Oh, ha ha ha. I crack myself up.
But at least I’ve taken baby steps toward one, by writing a synopsis. The first draft of my most recent novel (and, let’s face it, every one before it) was an unholy mess, involving characters and scenes that ended up on the cutting room floor, which meant I wasted tons of time on stuff that never made it into the final version. It was the first time I had to push a deadline, although luckily the pandemic pushed it for me, with a much-delayed publishing date.
Still, lesson learned. I vowed never to put myself through that again.
But an outline! Sitting down to write every day knowing what was going to happen? On one level, it sounds lovely. On another, I’d really miss the surprise of the just-right plot twist that occurs out of nowhere when I’m stuck.
Hence, the synopsis, something that leaves plenty of room for improvisation, but provides enough guidance to keep me from straying too far into the weeds.
A few weeks ago, I signed up for a virtual and extremely helpful Rocky Mountain Fiction Writers program by Sharon Mignerey on “Writing the Dreaded Synopsis.” Armed with newfound knowledge, I filled out a handy chart with characters, plot twists and subplots.
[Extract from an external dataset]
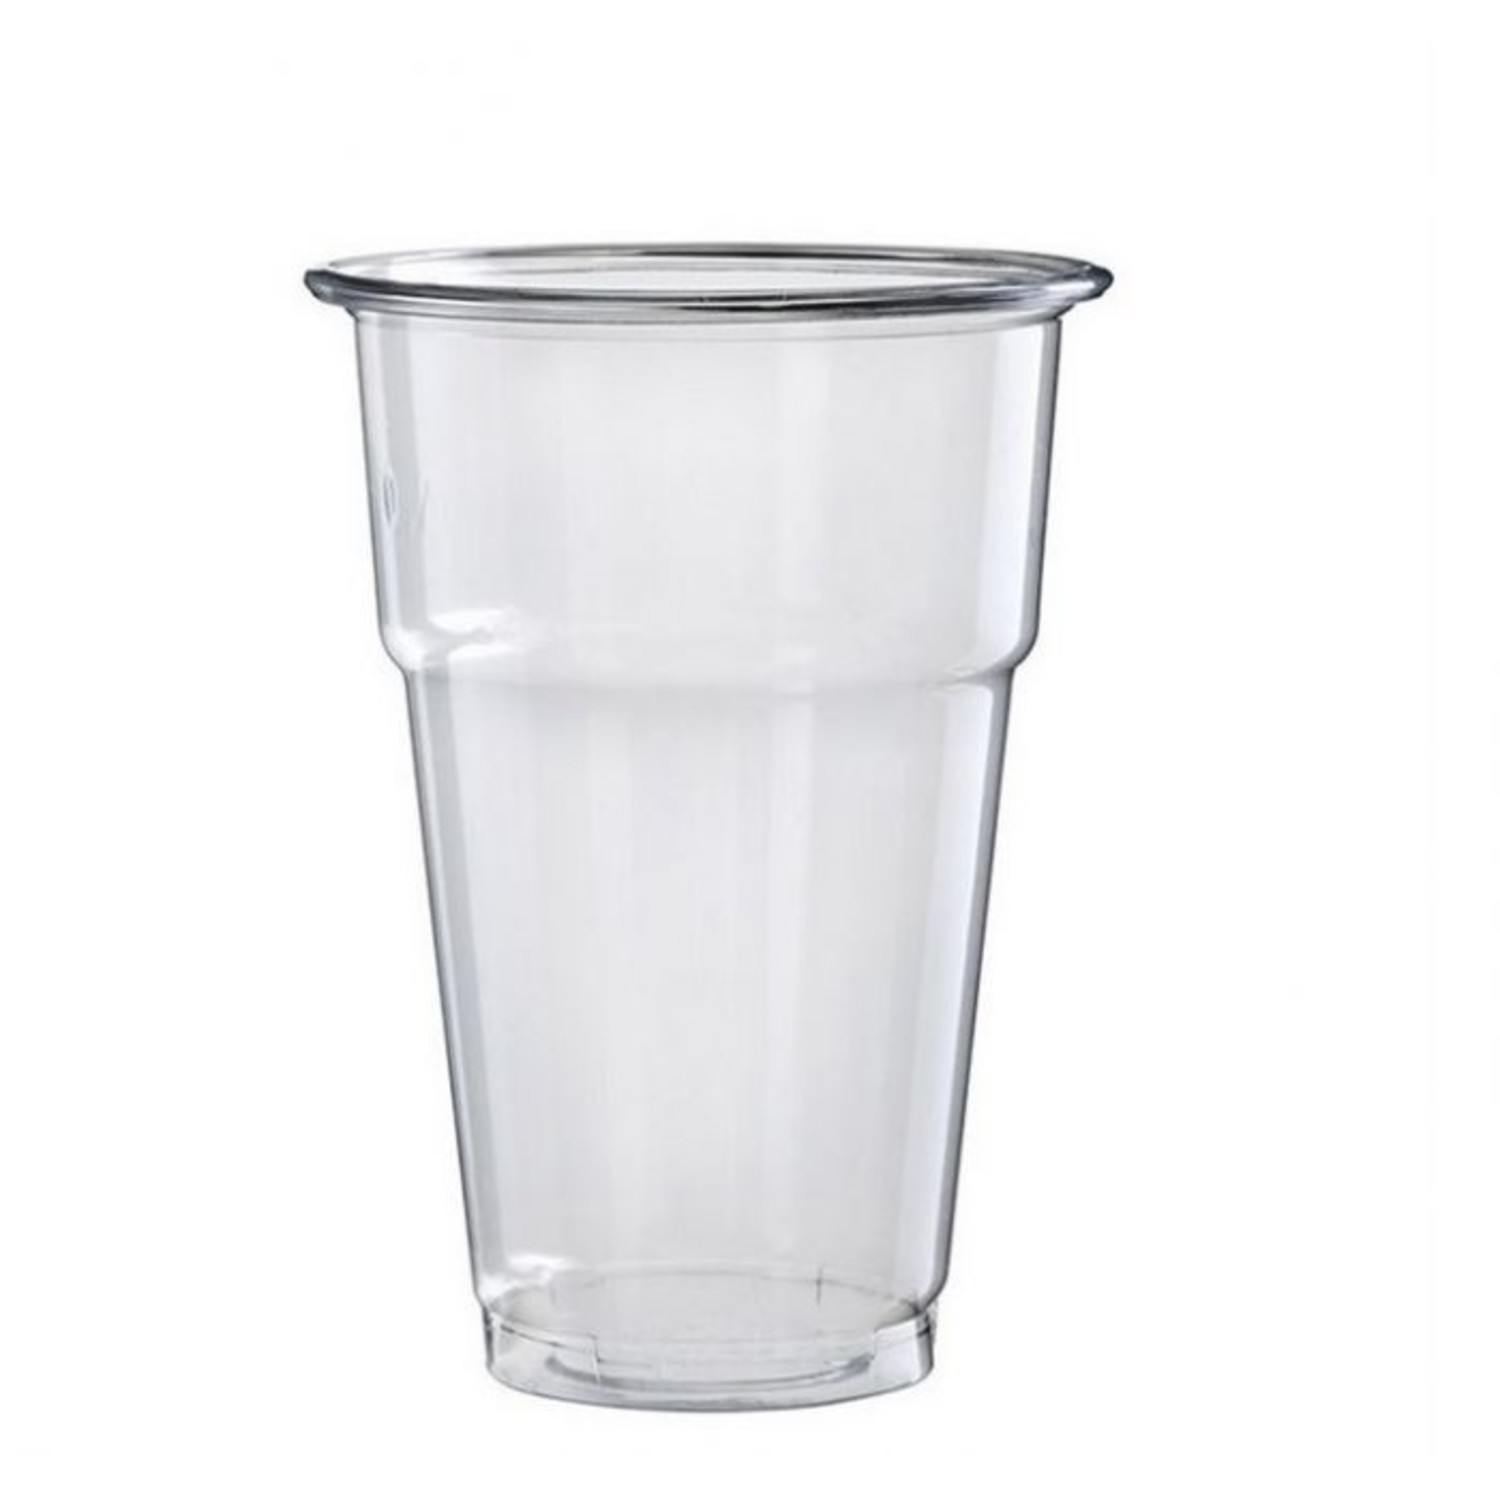 Пластиковые стаканы 500 мл купить. Стакан одноразовый, 500 мл. Стакан 54с-240154-10.

Turned out pretty well, if I say so myself. But something was missing.
Oh. That.
With every book, my wonderful and supremely patient agent, Richard Curtis, has given me the gentlest of nudges. “What about the love story?”
By which I think he means sex, but whatever.
Once again, when figuring out what the hell was going to happen next, I’d forgotten to add something besides ambition and fear to set my protagonist’s heart pounding.
So, in the final blank space under subplots, I wrote:
Some sort of love thing,
I wonder what it will be?

I recently gave a workshop that included a section on tropes – you know, the alcoholic detective, the hooker with a heart of gold, the pretty teenage victim – things that exist because of an element of truth, but that quickly become wearying.
Change ‘em up, I said. Give that victim some agency (Tim Johnston’s Descent is my favorite example here.)
Hardly original advice, illustrated far better than I by Halley Sutton’s recent column on noir tropes for CrimeReads:
Those tropes are both a challenge and an opportunity for writers: there’s so many ways to become a cliche, low rent Raymond Chandler, and also so many opportunities to remake something out of the familiar into something new.
I really liked her focus on noir, especially when she confessed that her definition is one to which I also default: I know it when I see it.
A few years back I was fortunate enough to be asked to contribute a piece to one of Akashic Books’ terrific noir series; in this case Montana Noir. I love the way the entire concept of that book turned the noir trope – urban alleyways cloaked in damp, swirling fog — on its head. If you think the mean streets of LA are scary, wait until you find yourself on a Montana prairie with no law enforcement for fifty miles.
My main character in that story was a hapless student in an MFA program, and the full-figured femme fatale lived in a house trailer and favored peasant blouses over negligees. She also kicked his ass.
In retrospect, I realize I applied my own advice about tropes to that story (whew). I wish I could say I did it purposefully, but I think it had more to do with the fact that I was too freaked out to try and emulate classic noir, so I tried something different.
I had a lot of fun writing that story, which I suppose is the message here, as much as there is one: If you enjoy what you’re writing, chances are your readers will, too.